Nel frattempo, uno degli elicotteri si stava avvicinando intento ad atterrare a qualche metro di distanza da loro, sollevando una nuvola di polvere così densa che tutti dovettero chiudere gli occhi per proteggersi.
Il rumore assordante dei rotori copriva ogni altro suono, ma non appena la polvere cominciò a calare, il portellone si aprì.
Thomas, ancora accecato, si sentì come se il tempo si fosse fermato quando vide chi stava uscendo.
No, non poteva essere, era morta, l'aveva vista morire.
«Ma quella è...» fece Newt, quasi incredulo.
«La dottoressa Ava Paige» rispose Thomas che ricordava ancora il suo nome nonostante, come tutti, l'avesse sentito solo una volta.
La donna era vestita completamente di bianco, un colore che sembrava inappropriato in un contesto tanto distruttivo.
Si avvicinò a Janson con passo deciso «Sono tutti?» chiese, la sua voce ferma e precisa.
«La maggior parte... ma sarà abbastanza» rispose lui.
Ava Paige annuì e fece un lieve cenno con la testa «Inizia a caricarli»
Janson obbedì senza indugi, mentre gli uomini cominciarono a spingere i ragazzi, uno dopo l'altro, verso l'elicottero.
All'improvviso, Thomas sentì una mano sulla spalla che lo sollevava con forza, per poi ritrovarsi faccia a faccia con la dottoressa.
«Ciao, Thomas» disse lei, la sua voce tranquilla e misurata.
Poco dopo, vide Teresa avvicinarsi con passo esitante.

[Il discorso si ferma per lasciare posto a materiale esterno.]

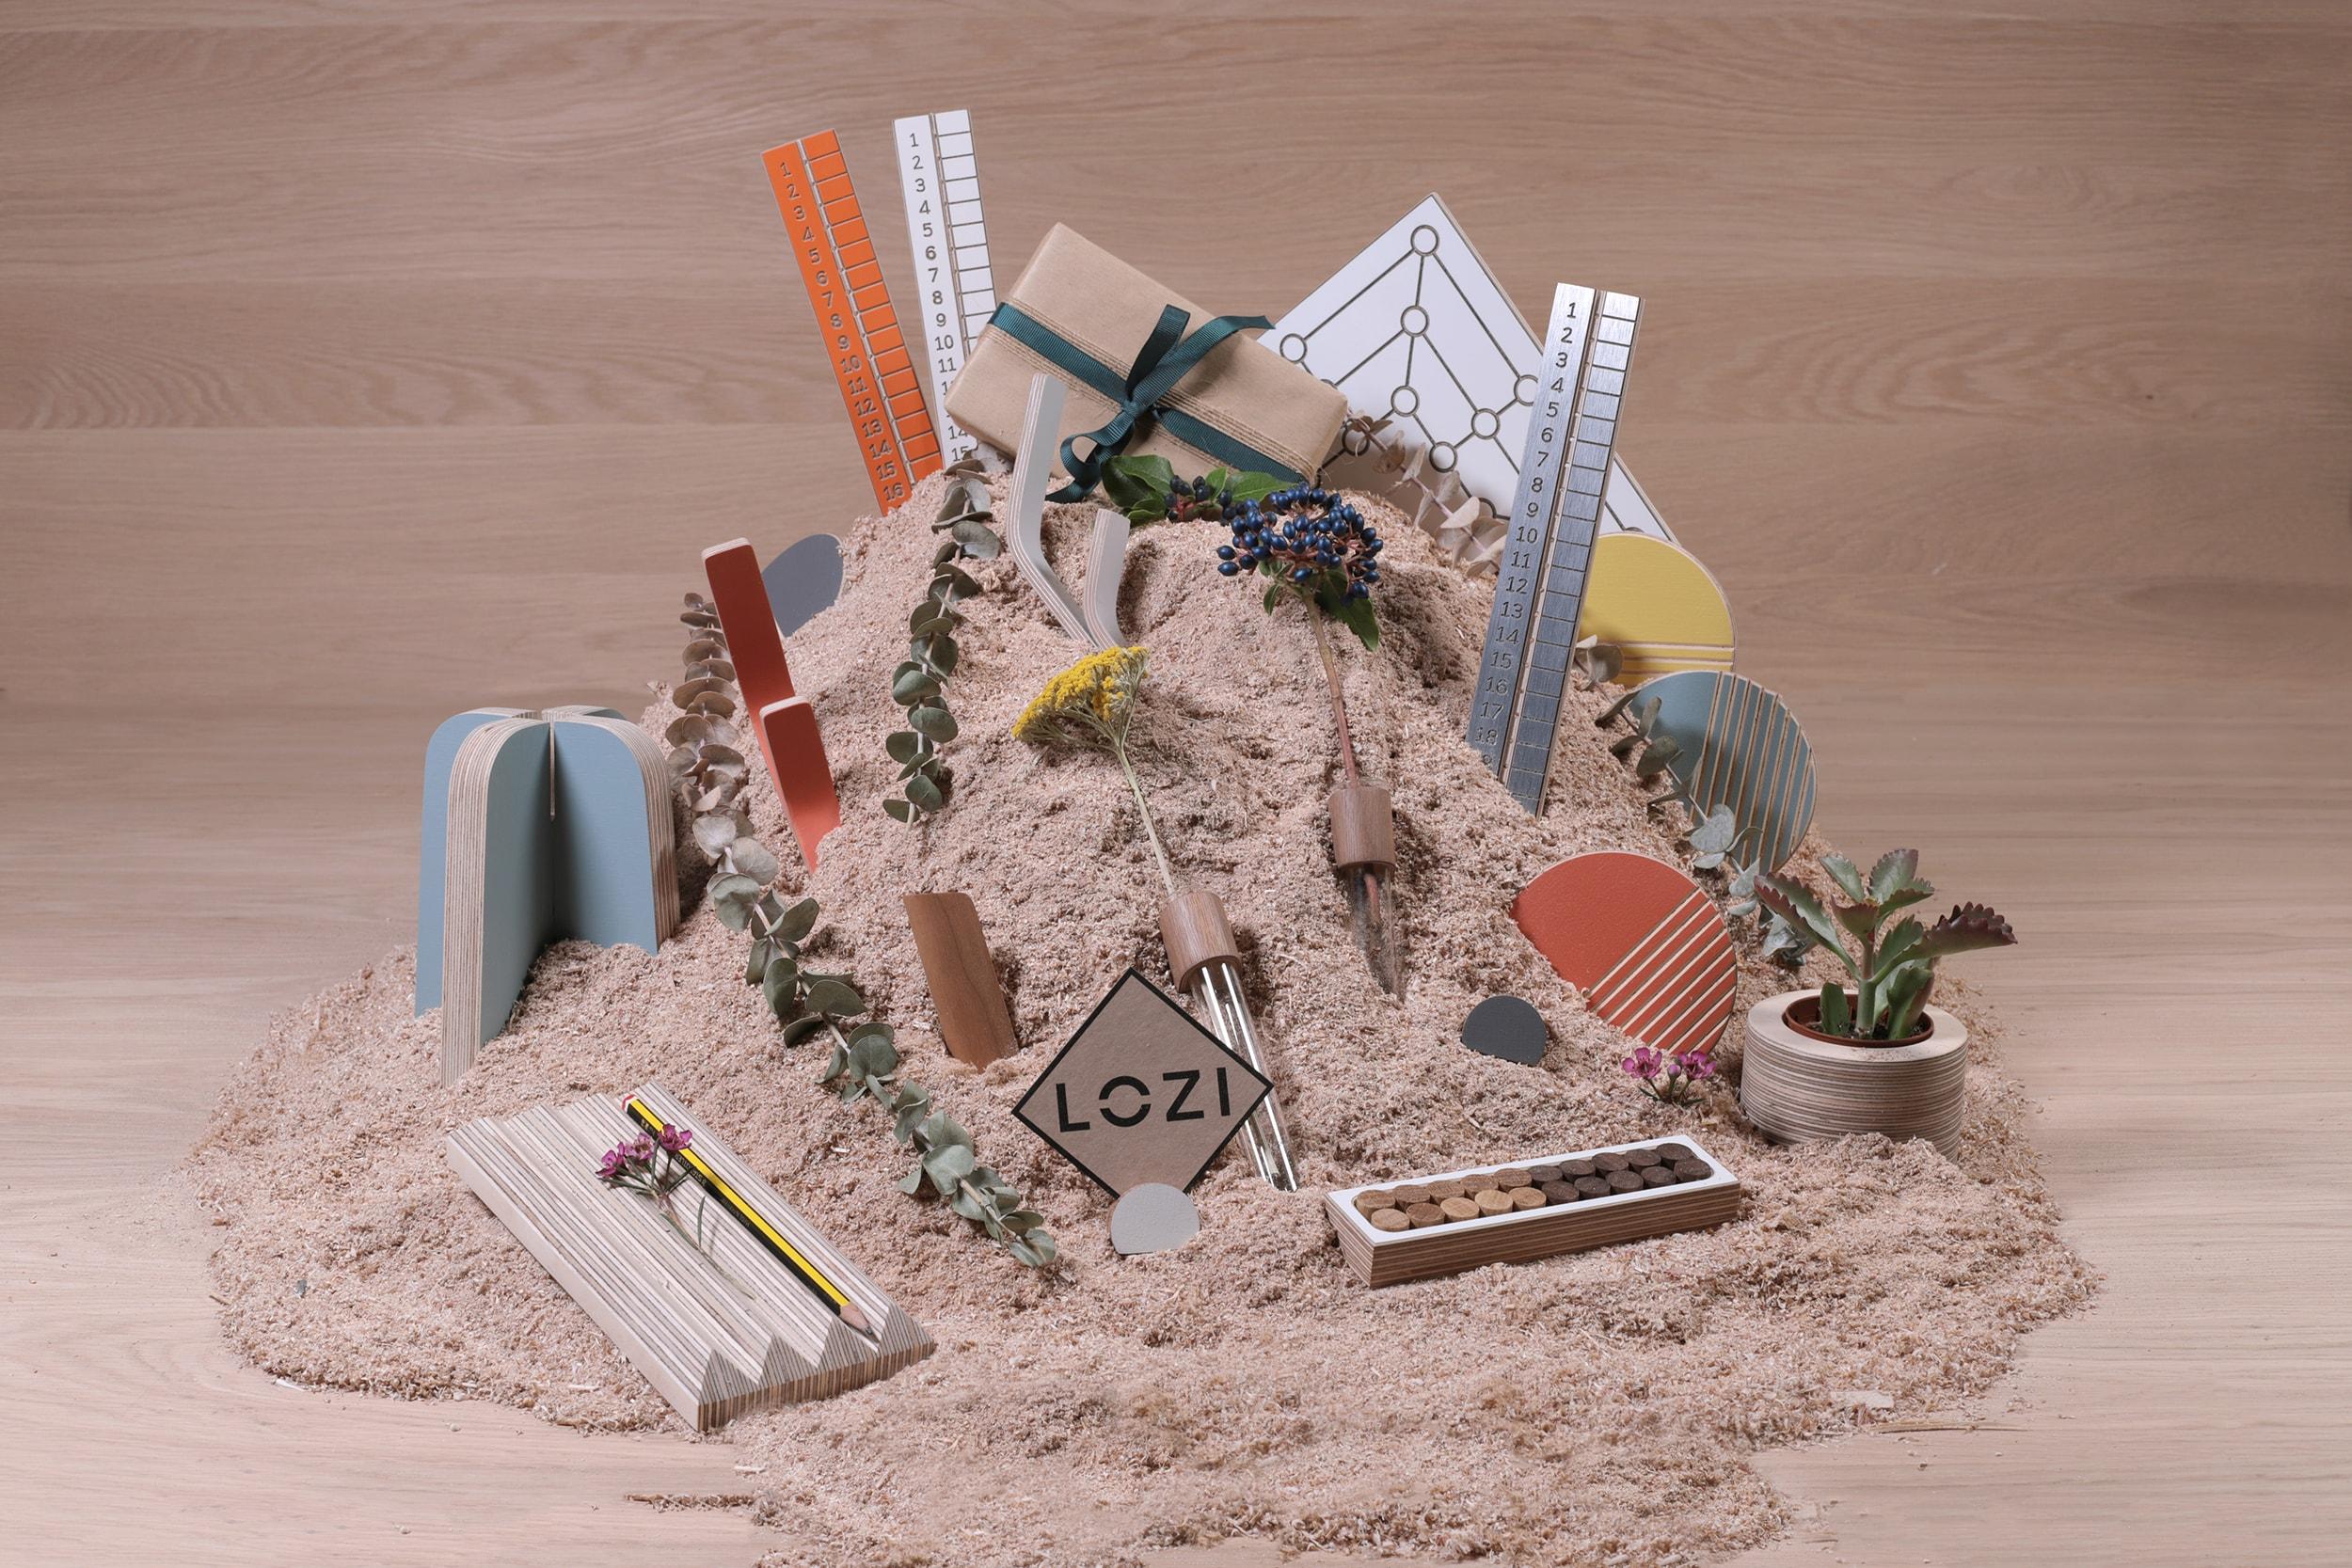 Sawdust pile WEB-min-2.jpg

Non ne fu sorpreso, ma il cuore gli batté forte nel petto.
La ragazza si stava avvicinando con titubanza e Ava la prese delicatamente per il braccio, attirandola a sé con un sorriso «Sono felice che stai bene»
Con la coda dell'occhio, Thomas notò che i suoi amici si stavano radunando intorno a lui, visibilmente confusi.
«Cosa? Teresa?» chiese Minho, incredulo.
«Ma che significa?» aggiunse Newt.
«Lei sta con loro» la voce di Thomas era tagliente mentre fissava Teresa con uno sguardo carico di rabbia.
Lei alzò lo sguardo verso il ragazzo, come se quella sua affermazione la ferisse.
Non disse nulla, ma i suoi occhi comunicavano più di quanto le parole potessero fare.
«Da quando?» chiese Frypan.
«Teresa ha un'alta considerazione del bene più importante» intervenne Janson dopo essersi avvicinato.
Thomas sentiva il rimorso crescere dentro di sé.
Aveva fatto una scelta, aveva permesso a Teresa di unirsi al gruppo solo perché lei era nei suoi ricordi.
Era colpa sua.
Lui era la causa di tutto ciò.
La ragazza finalmente parlò, ma le sue parole erano piene di dolore «Mi dispiace, Thomas. Non avevo altra scelta. Questa era l'unica strada. Dobbiamo trovare una cura» La sua voce tremava, ma Thomas non riusciva a sentire nulla di convincente in quel tono quindi evitò il suo sguardo.
La sua mente correva indietro, al momento in cui aveva accettato che Teresa facesse parte del gruppo.
L'idea che lei potesse tradirli non gli era mai passata per la mente.
«Ha ragione» si intromise la dottoressa Paige facendo una breve pausa «È solo un mezzo per arrivare a un fine. Un tempo lo capivi, Thomas» aggiunse, cercando di trovare una connessione che sembrava ormai irraggiungibile «Non importa cosa pensi di me. Io non sono un mostro. Sono un dottore. Ho giurato di trovare una maledetta cura. Ad ogni costo!»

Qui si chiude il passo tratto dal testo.